Can AI Agents Mimic a Superforecasting Team?

Exploring whether AI agents can recreate the cognitive diversity and decentralization that makes great forecasters so effective.

Nov 17, 2025

In Superforecasting, Philip Tetlock makes a humbling observation: most of us are much worse forecasters than we believe. The cure, he argues, is not brilliance. It is the disciplined use of cognitive diversity and constant self-correction. Michael Mauboussin’s More Than You Know echoes this from the perspective of investing. The best investors draw from multiple disciplines so they can see problems from more than one angle. They mix the outside view, anchored in base rates, with the inside view shaped by their own experience.

Tetlock uses the image of a dragonfly eye. Each facet of the eye captures a slightly different glimpse of the same object. When combined, the full picture becomes sharper and more accurate. Mauboussin arrives at the same idea through two practical tools. First, start with base rates, a point borrowed from Kahneman. Second, push decision-making toward decentralization so the group does not fall into the same trap at the same time.

For an individual investor, achieving this level of cognitive diversity is difficult. You can read widely and build what Charlie Munger calls a latticework of mental models. You can train yourself to switch between frameworks. But your line of sight will always be shaped by your history, your habits, and your priors. No one person can replicate the breadth of perspective of a strong forecasting team.

That led me to two questions. Could AI give an individual investor access to something resembling a team? Can AI become more useful R2D2-like assistants that does more than just provide basic summarization?

Building a “Digital” Superforecasting Team

With AI agents now easy for non-technical users to build, I decided to try creating a small investment “team” composed of agents with different worldviews.

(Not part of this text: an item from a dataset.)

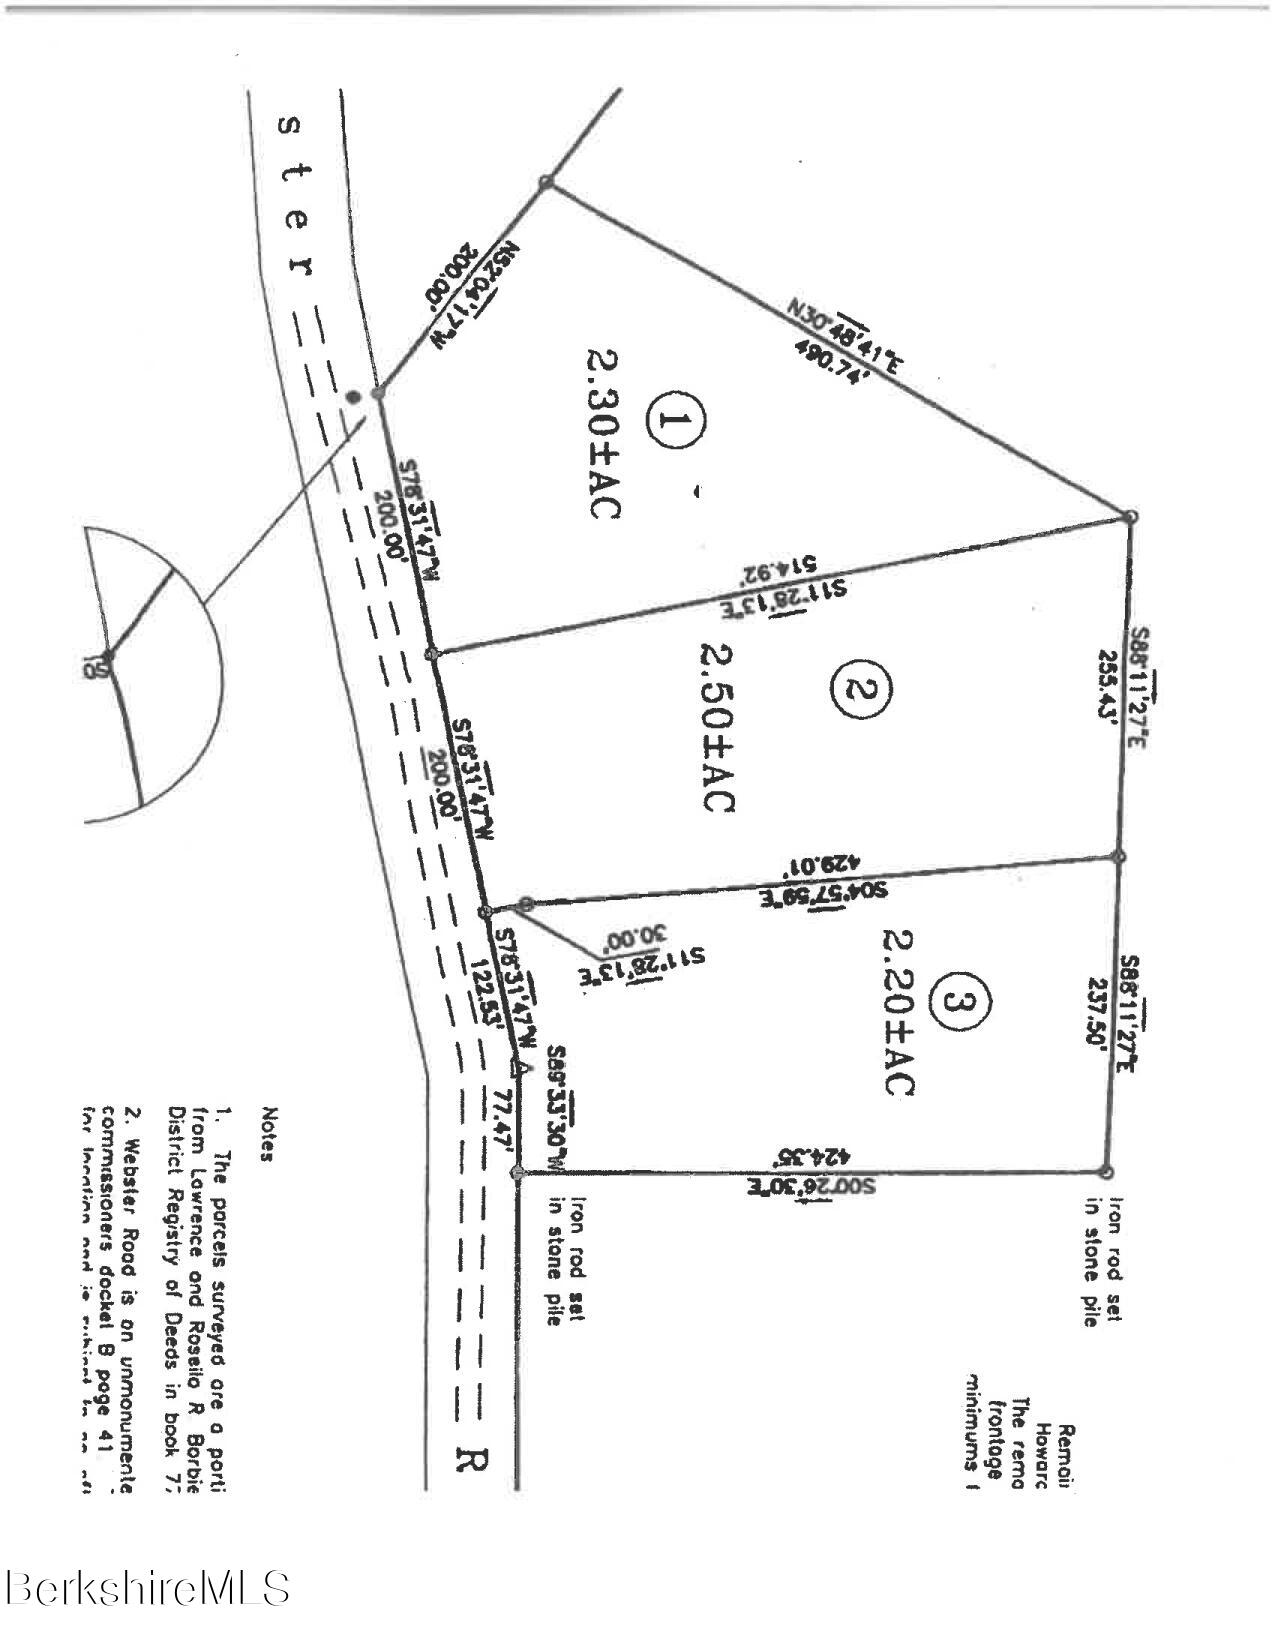 Lot 2 Webster Rd. Rd Tyringham MA 01264

I started with five roles.

Outside-View Analyst: focuses on identifying appropriate reference class and its base rates (e.g., average growth rate of companies with similar size) to provide historical context.
Inside-View Specialist: leans on analyzing the business through the perspective on domain/industry-specific knowledge (e.g., this industry’s historical performance, competitor’s profit margin).
Systems thinker: focused on understanding the business’ surrounding ecosystem, value chain, and how key stakeholders interact with it.
Incentives analyst: applies a behavioral lens on the management team, particularly the compensation structure, ethical track record, and stock ownership.
Devil’s Advocate: examines other agent’s work and looks for holes, contradictions, and weak assumptions.

Each agent researches the same company independently and forms its own thesis. Only after this first step do they “meet” to compare notes, critique one another, and revise their thinking. The dynamic is meant to imitate how Tetlock’s superforecasters iterated toward better answers: independent views first, constructive debate second, convergence last.

Here’s roughly what the workflow looks like:

The results were mixed. The team still made odd mistakes—for example, the agents mistakenly concluded that Medpace’s revenue concentration is “highly concentrated” because 90% of revenue comes from small-mid biotechs. I’m pretty sure there is more than one small-mid biotech company in the US.

However, the underlying concept feels promising. When I examined under the hood to see how each agent approached the task, their thought processes were genuinely distinct from each other. The problems emerged when I forced them into premature consensus. At that point, the quality of the analysis collapsed into generic AI output.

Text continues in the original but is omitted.